Now that we have feature (X) and target (y) data ready to go, we're nearly ready to fit and evaluate a baseline model using our current feature set. We'll need to create a train/validation split before we fit and score the model.

## Create Train Test Splits

To do so we need to import a method called `train_test_split` from Scikit Learn.

In [10]:
# import train_test_split
from sklearn.model_selection import train_test_split

We’ve splited our data into X and y, now we can pass them into `the train_test_split` function as a parameter along with `test_size`, and this function will return us four variables. They’re `X_train`, `y_train`, `X_test`, and `y_test`.

In [11]:
X_train, X_test, y_train, y_test = train_test_split(X, y, test_size=0.3) # splits train and test in 7:3 ratio

## Fit a basic Linear Regression Model

Import the class containing the regression method from `sklearn.linear_model`.

In [12]:
from sklearn.linear_model import LinearRegression

Create an instance of the class.

In [13]:
LR = LinearRegression()

Fit the instance on the data and then predict the expected value

In [14]:
LR = LR.fit(X_train , y_train)
# Predicting
y_train_pred = LR.predict(X_train) # using train data
y_test_pred = LR.predict(X_test) # using test data

## Calculate R2 Score

The R2 score is a very important metric that is used to evaluate the performance of a regression-based machine learning model.

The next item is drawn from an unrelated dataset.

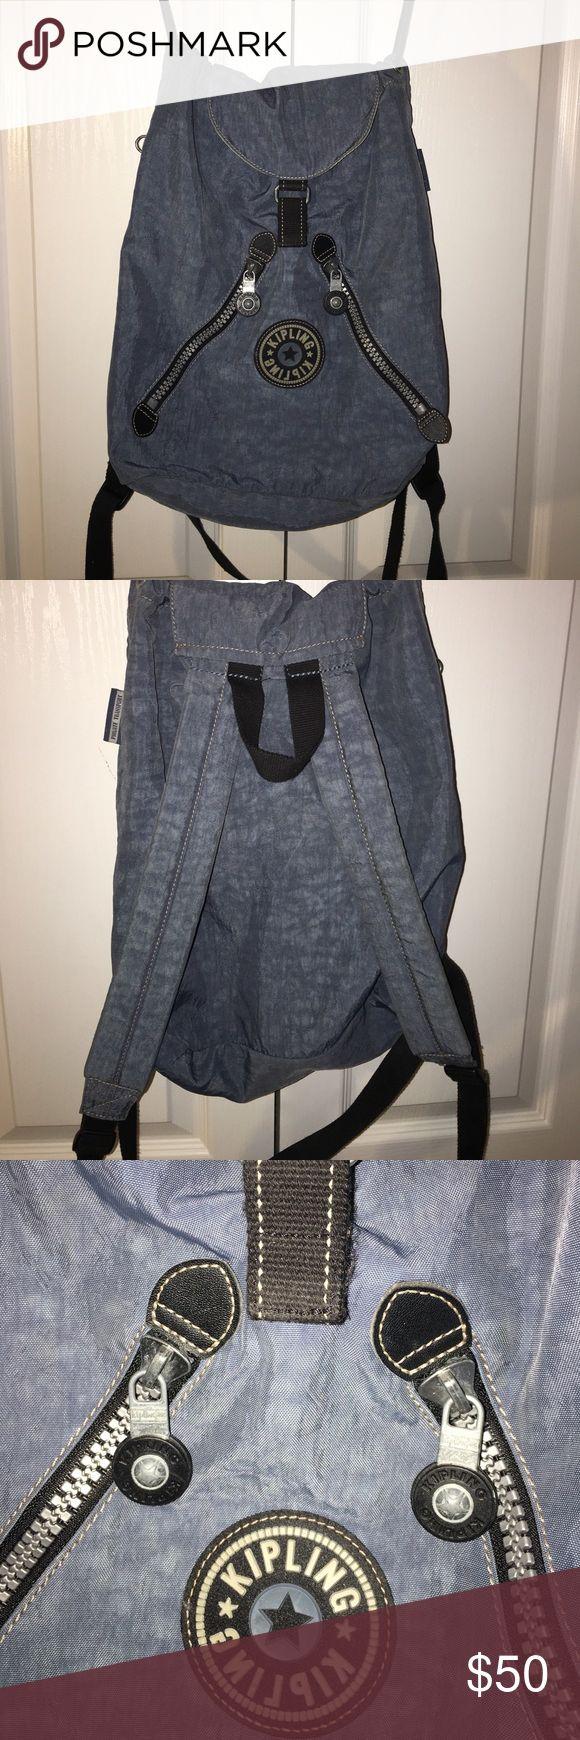 25 best ideas about kipling backpack on pinterest school handbags - Kipling Backpack Blue

Import the method `r2_score` from the `sklearn.metrics`.

In [15]:
from sklearn.metrics import r2_score

In [16]:
# calculating r2 score
score_train = r2_score(y_train.values, y_train_pred) # using train data
score_test = r2_score(y_test.values, y_test_pred) # using test data

print("-------------------R2 Scores-----------------")
print("Predicting with train data i.e. on seen data : ", score_train)
print("Predicting with test data i.e. on unseen data : ", score_test)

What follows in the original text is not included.